What you have to do:
When you return the data, keep every line exactly as it is and leave out the pictures.

Information shown:
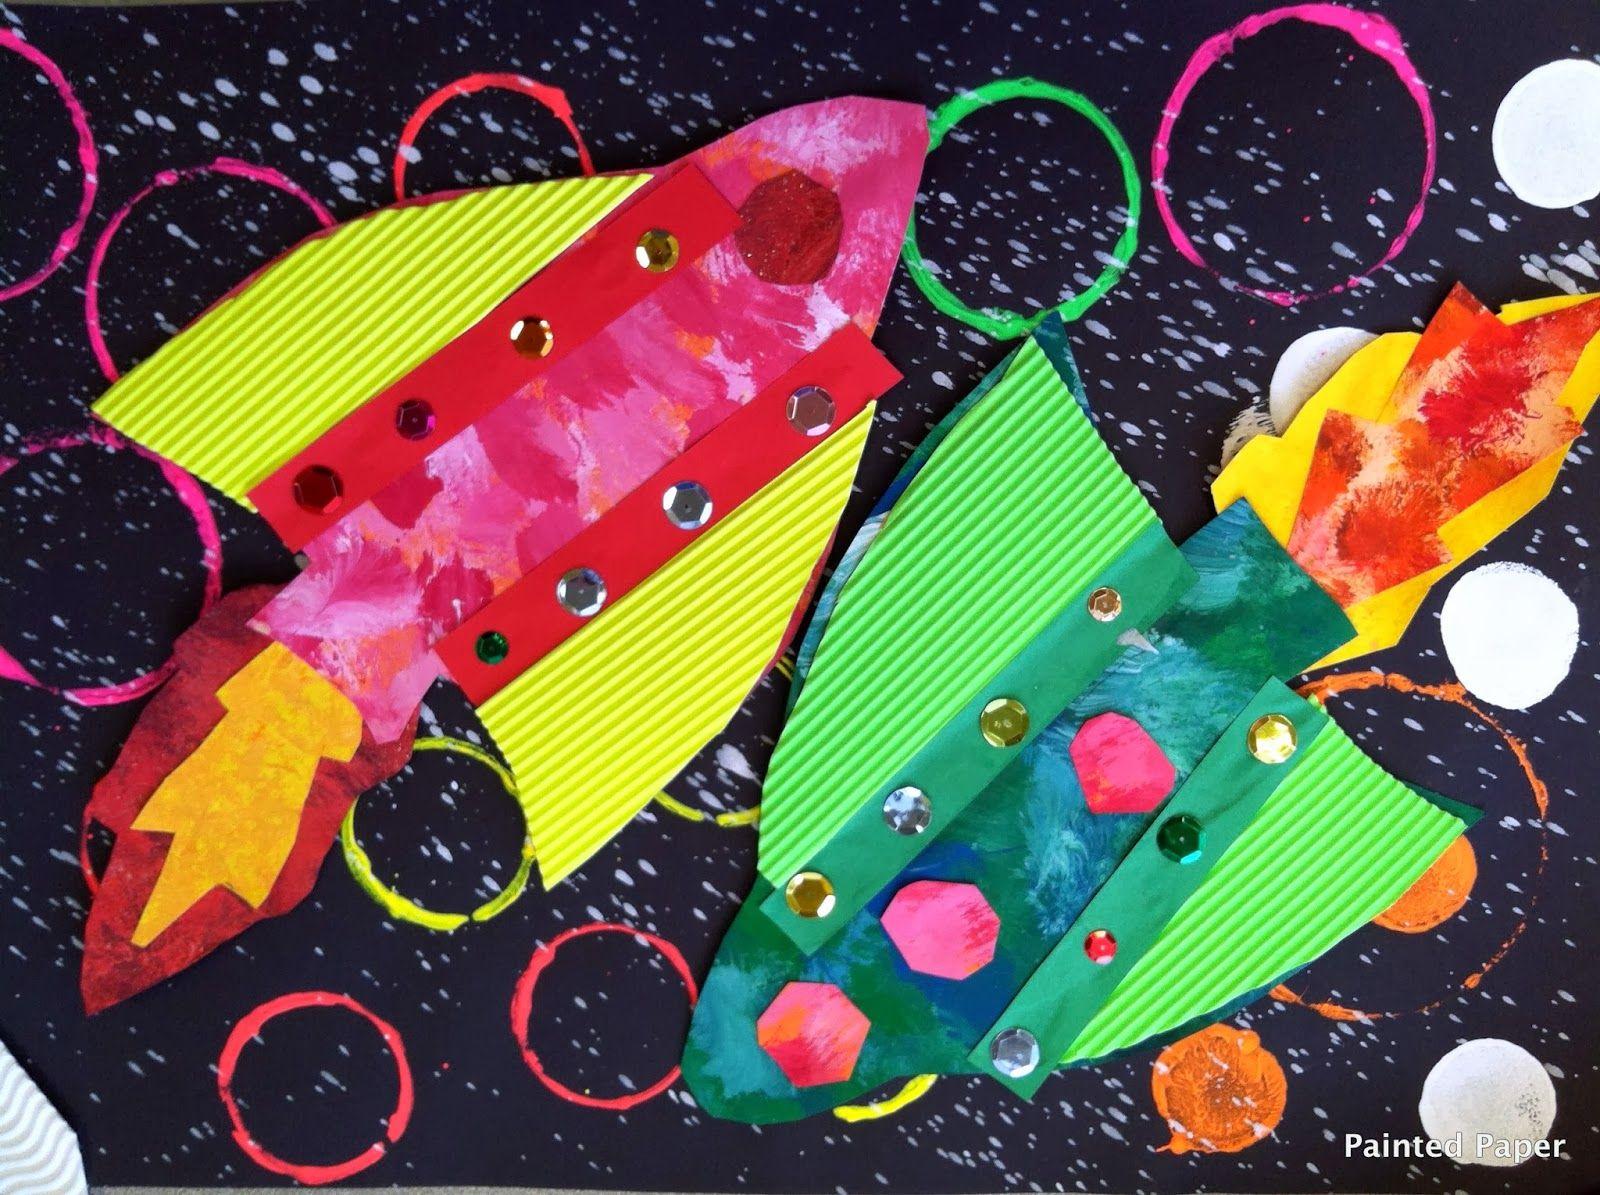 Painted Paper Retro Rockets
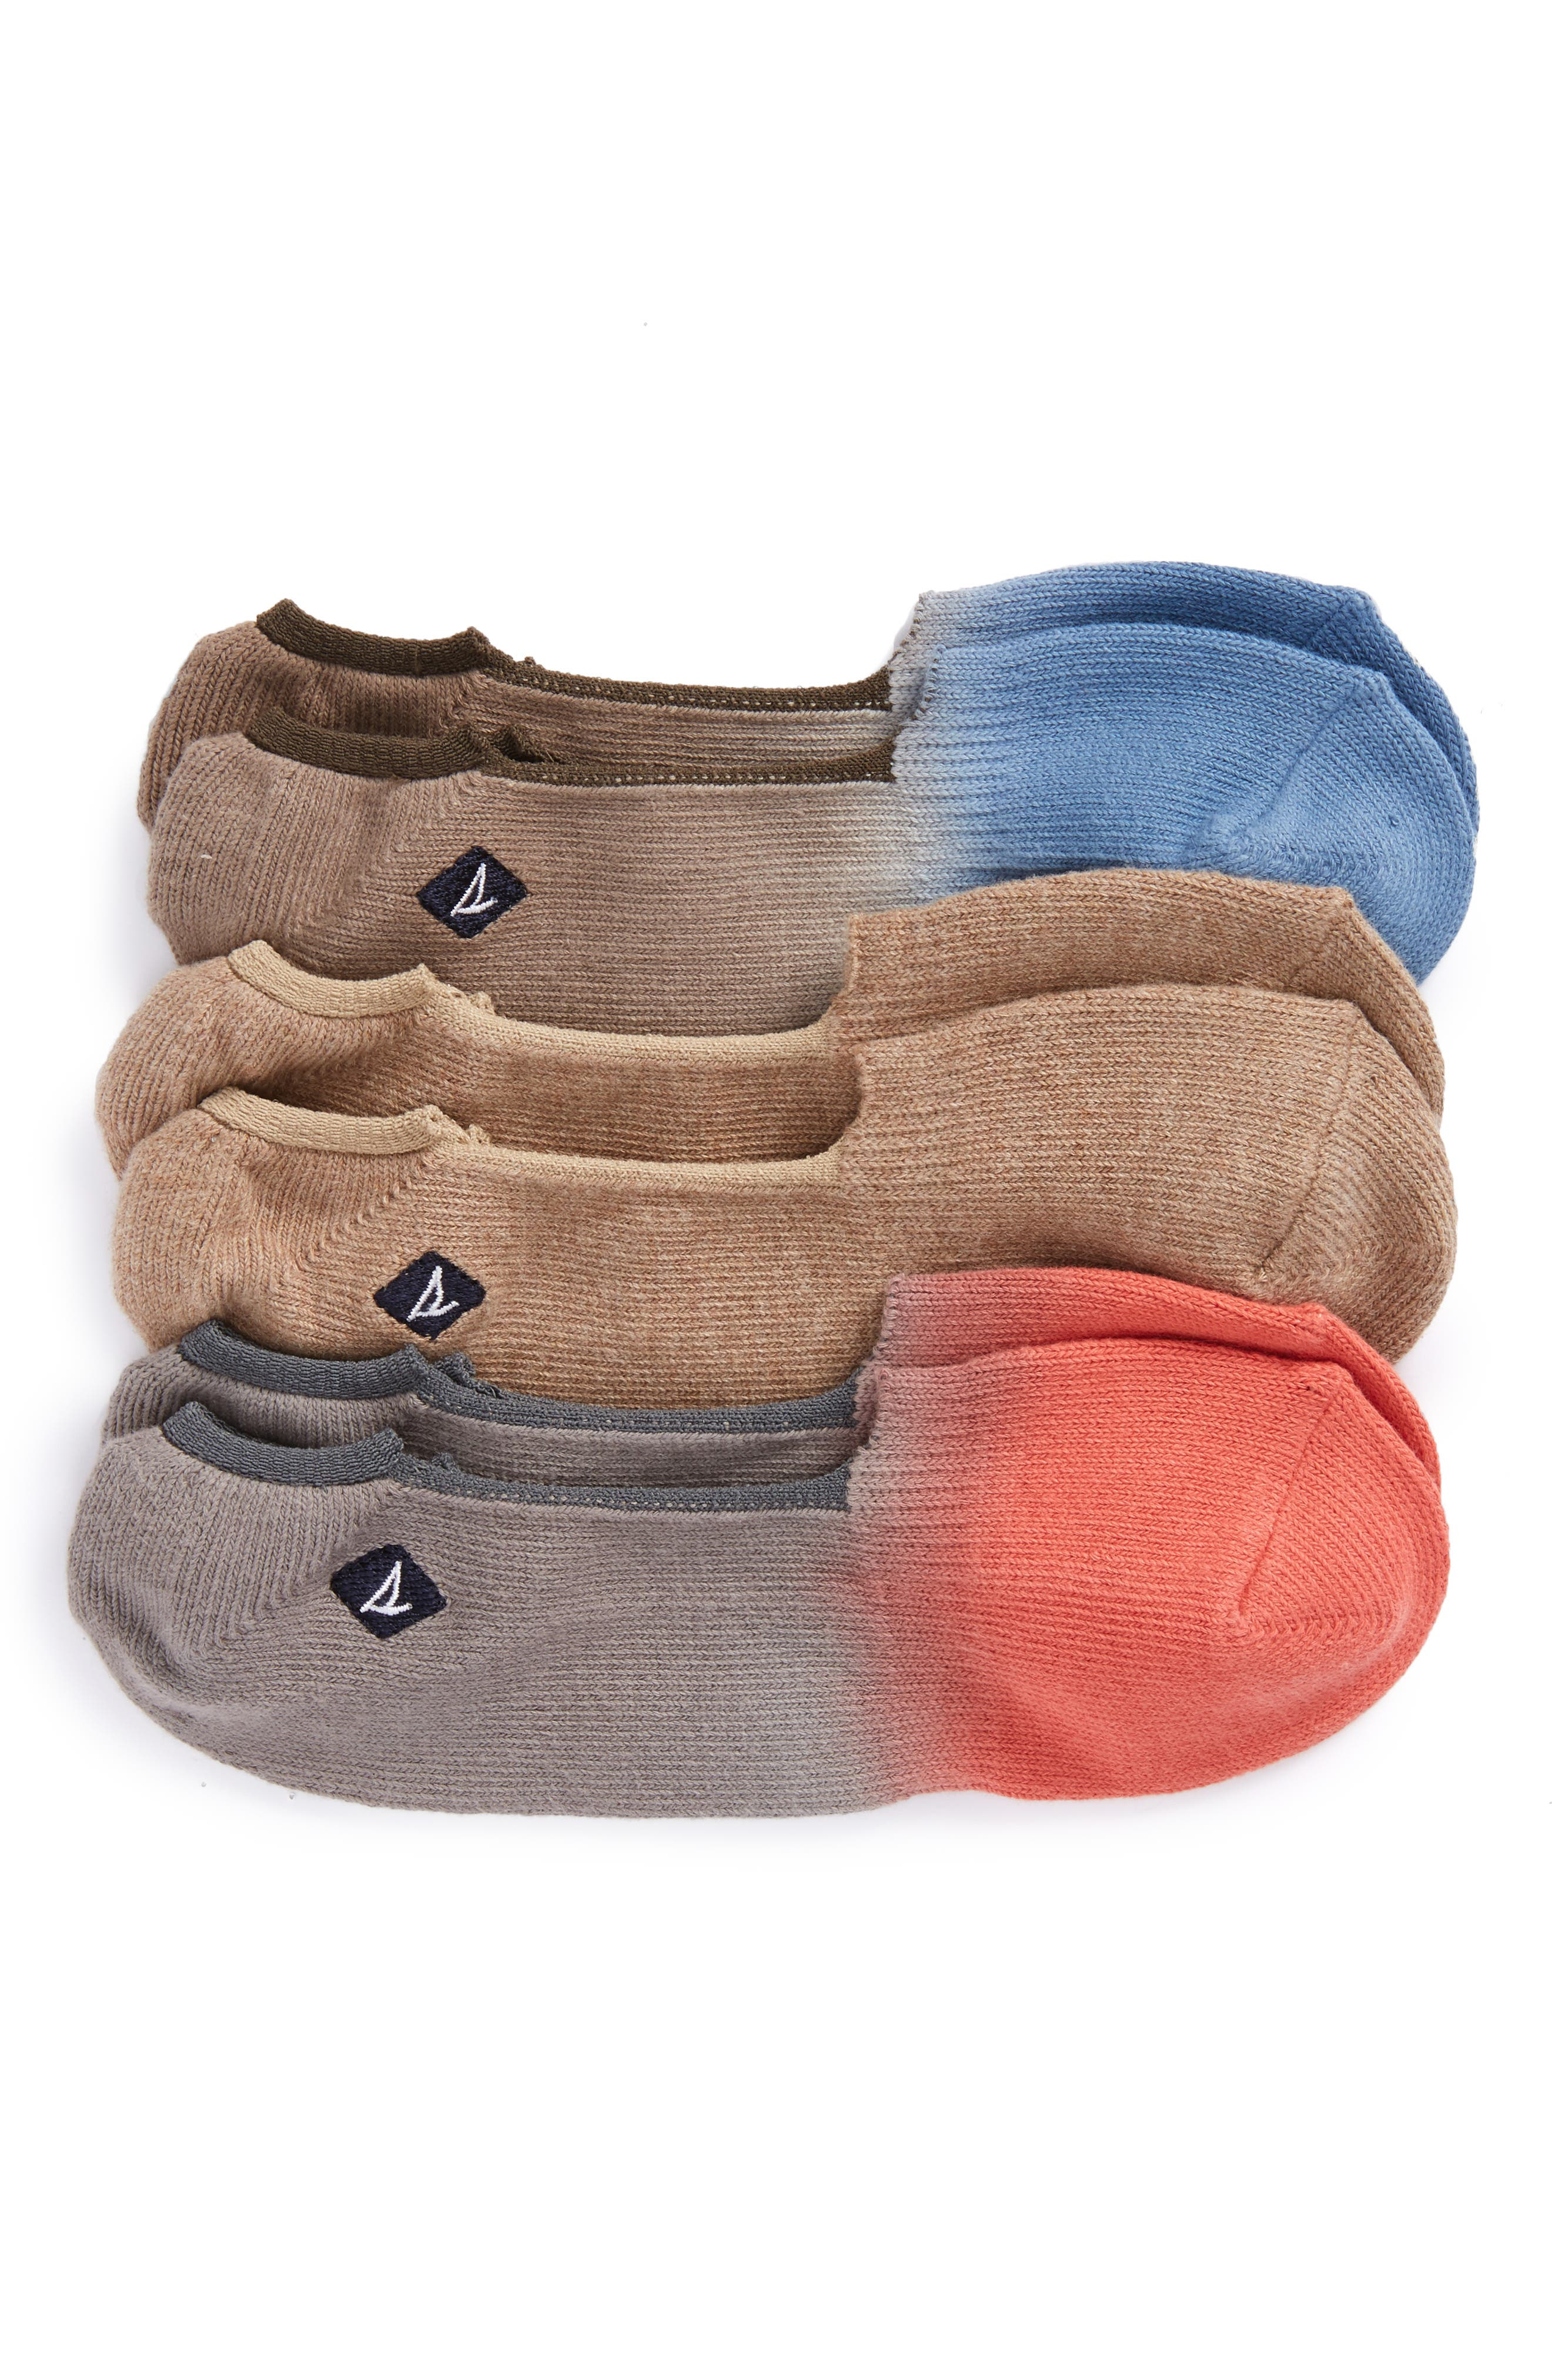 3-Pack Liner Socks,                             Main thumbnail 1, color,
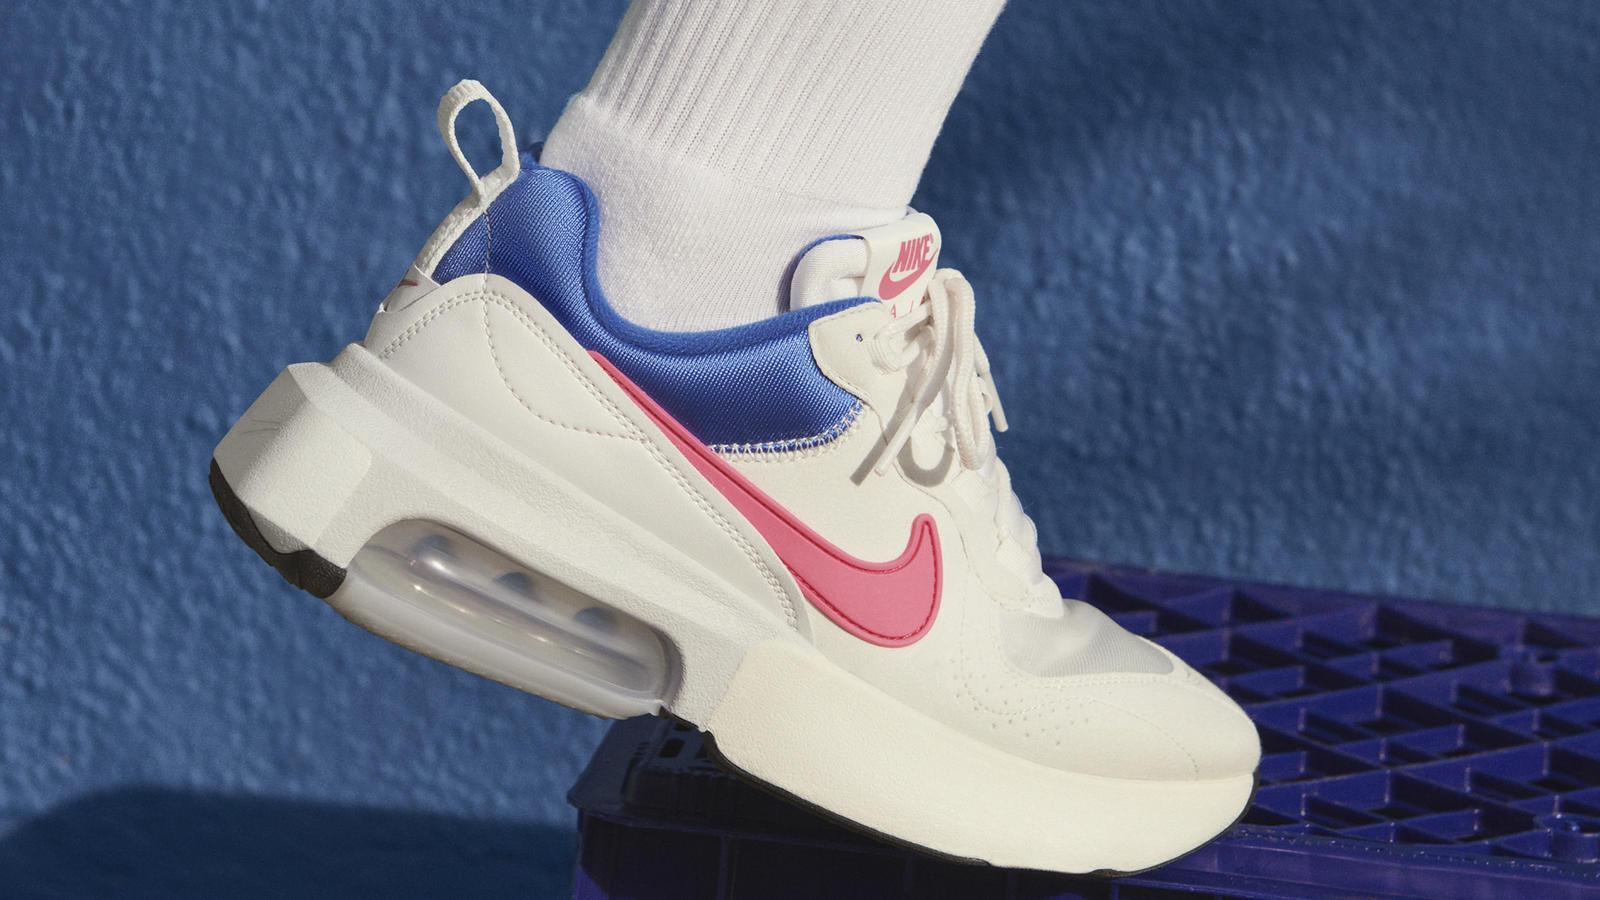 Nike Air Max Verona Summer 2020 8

Exercise response:
 Painted Paper Retro Rockets
 3-Pack Liner Socks,                             Main thumbnail 1, color,
 Nike Air Max Verona Summer 2020 8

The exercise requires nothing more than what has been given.